Friday, December 29, 2017

Janus and the Coming Freeze

It is that middle stretch, the week between Christmas and New Year's Day, the lame duck period of 2017, last-minute week of goal setting or goal rushing-to-completion, week of laundry and cleaning preparatory to the new year (if you're into that), week of staring at the sky and glancing backwards and forwards.

For me, it began with a scramble and then an obsession with mini Christmas scrapbooks, as I realized that I'd begun several and just not finished them. These aren't massive projects, just 4x6 brag books stuffed with pictures and a minimum of text, but it takes time to arrange and print and cut the pages to size and explain why all of a sudden our ink surplus has turned into a severe shortage. Also, memory albums are sticky--you look at one picture, then you've looked at eighty, then you're sinking into those snows of yesteryear, the ones that are supposedly vanished but are piling up over you nonetheless. It takes time to dig out of the past.

That project was kicked off in anticipation of a visit by our in-laws that, thanks to a random hard freeze over the New Year's holiday, won't be happening right now. So I've had the chance to dive into the other memory books that I've started and not completed, all the birthday albums, Diva Night reminiscences, The Year The Yard Was All Morning Glories, 4th of July celebrations followed by bubbles and fireworks...wherever the images happen to accumulate. A project that was a single book catching up with photos that I didn't want to lose has become a potential year-long nostalgia fest. If I actually finish these, there will be pics of The Year That Was All Memory Books.

Perhaps you have projects that get out of hand, too.

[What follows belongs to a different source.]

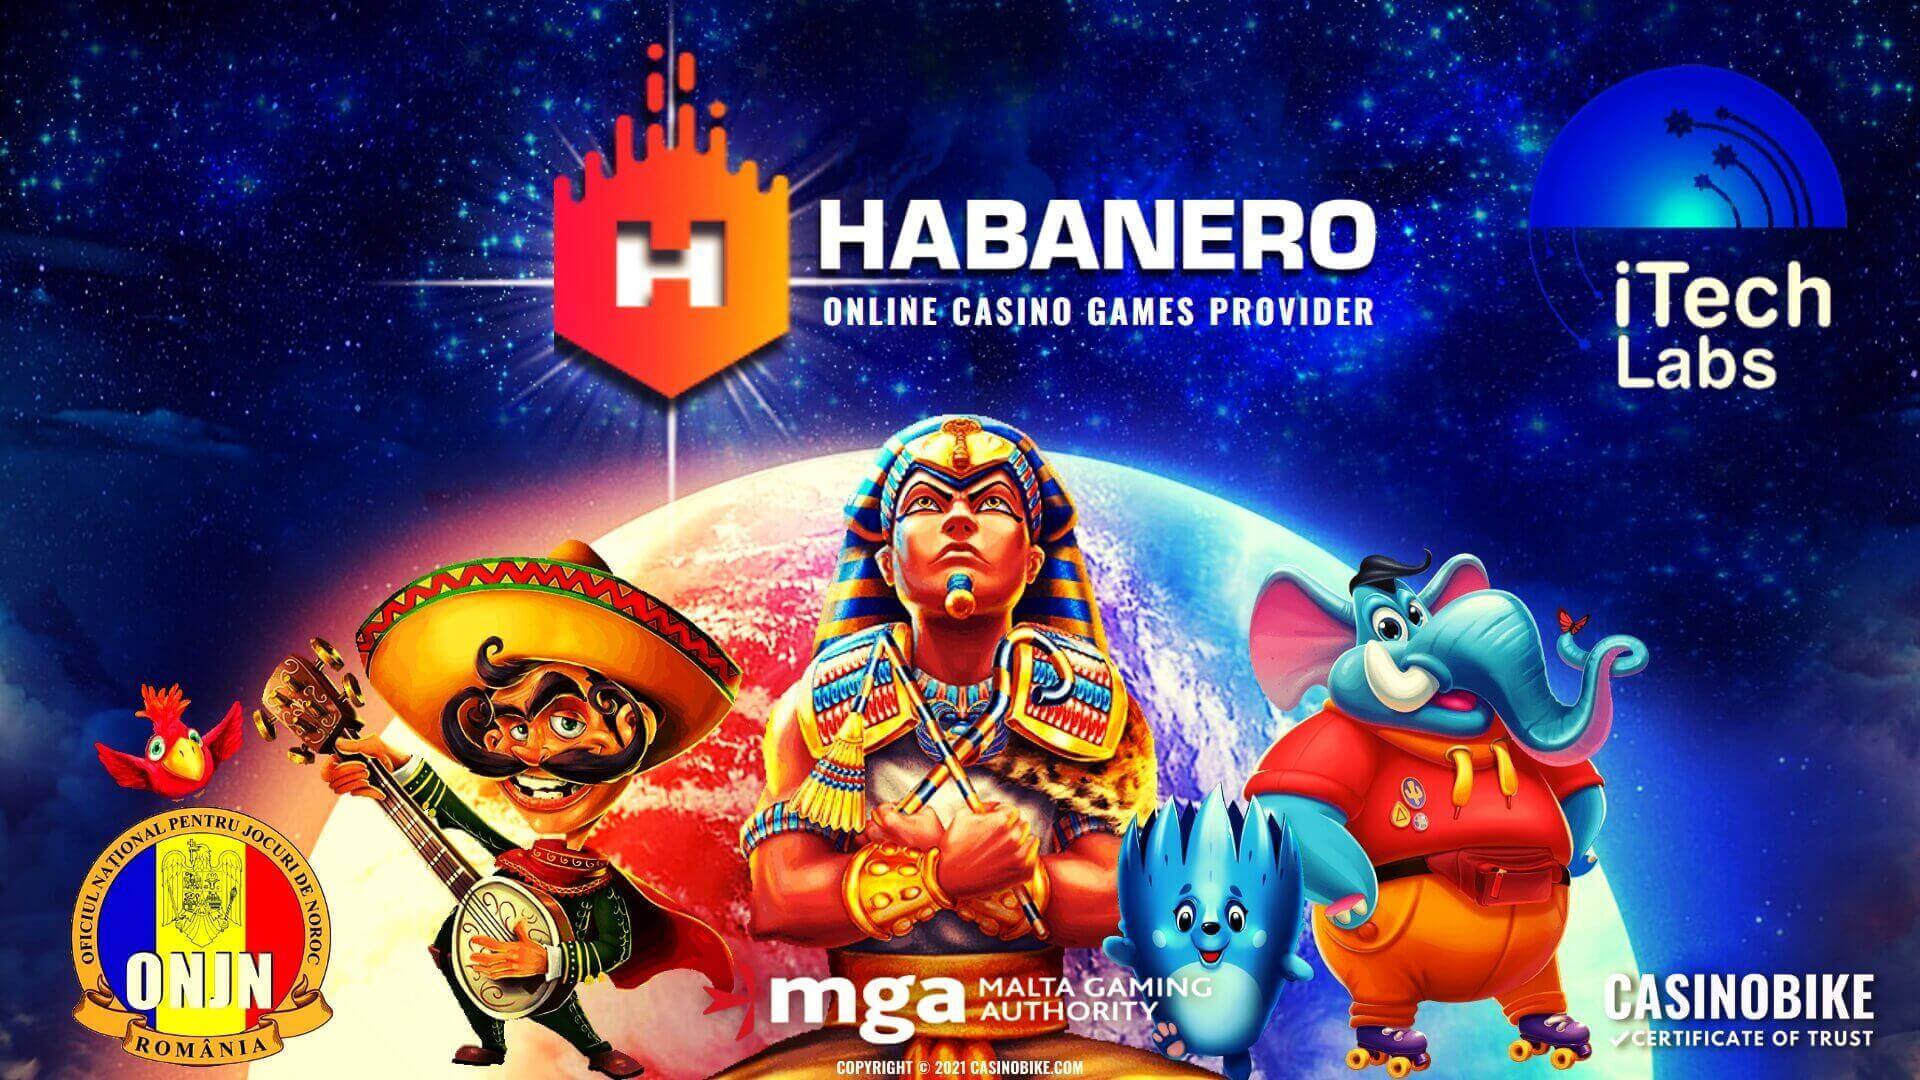 Habanero Systems Online Casino Games Provider
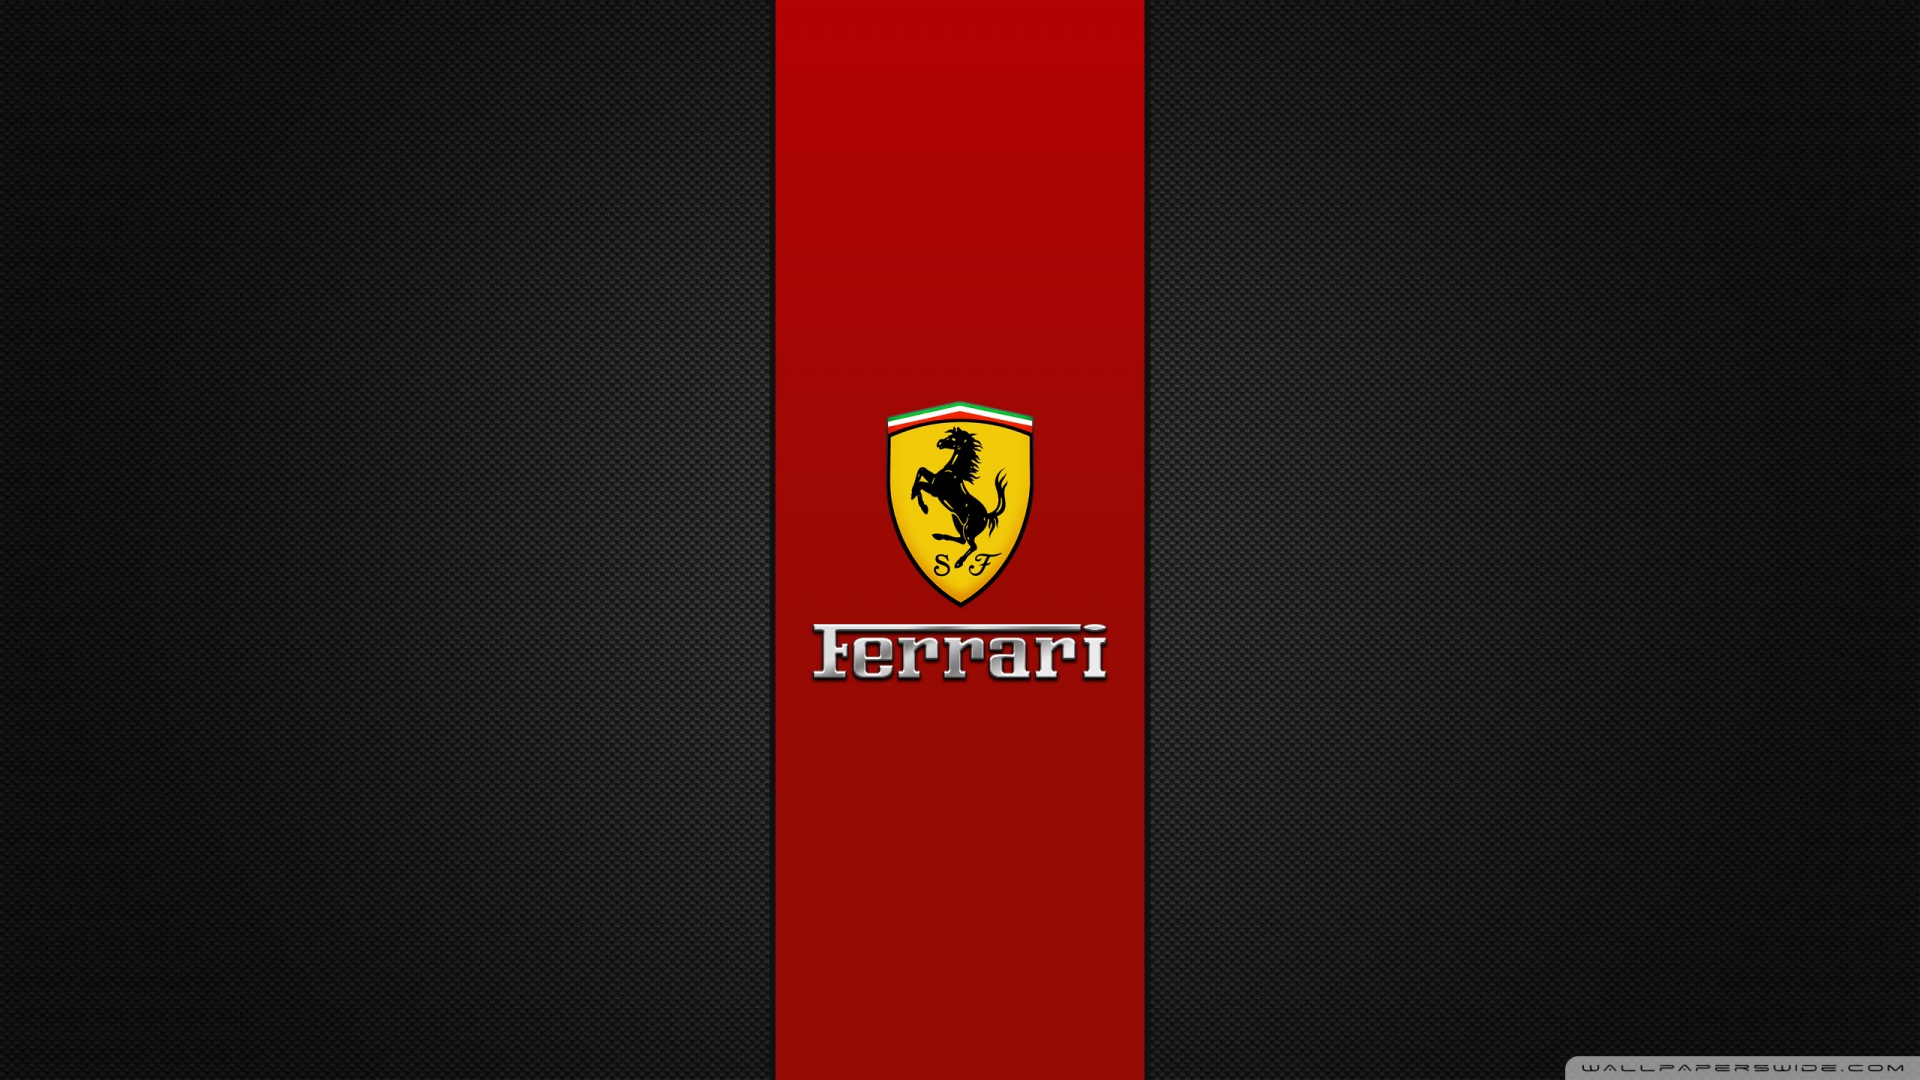 Ferrari Ultra Hd Desktop Background Wallpaper For Multi Display Dual Monitor

Which brings me to the other projects. The writing ones that also found themselves well begun but abandoned. Here is the backward glance:  the 2016 election was a sharp shock to me. But it wasn't the first. There have been the difficulty of finding a job and assorted concerns that finally coalesced into a single decision:  I'm not writing for anyone else. I've been a member of writing groups for years and I used to be better about submissions. Now, though, I realize that I want to make art that speaks to the people closest to me--to my family, to a few friends--and the memory books speak to that, as does the few writing projects that I'm keeping for this year. Here is the glance forward:  2018 is the year that I want to be able to return gifts I received with interest, novellas for reaching out, flash collections for the peace that I received from the parks before Harvey washed them away.

This year, I want to work through from the beginning to the end and I want to be able to reach this in-between, lame duck week of 2018 with memories of connection rather than endless, mouse-wheel project anxiety. I am thankful, grateful, every day for the people who gave my writing their time and attention and it may be that this is a slow turn back toward a more familiar track. For now, I am thinking about blankets and hot cocoa and a hard freeze that breaks one year from another. About looking forward and glancing back. And about whether or not any of this can be captured in a photo, embellished with stickers, and placed in a memory book for 2018.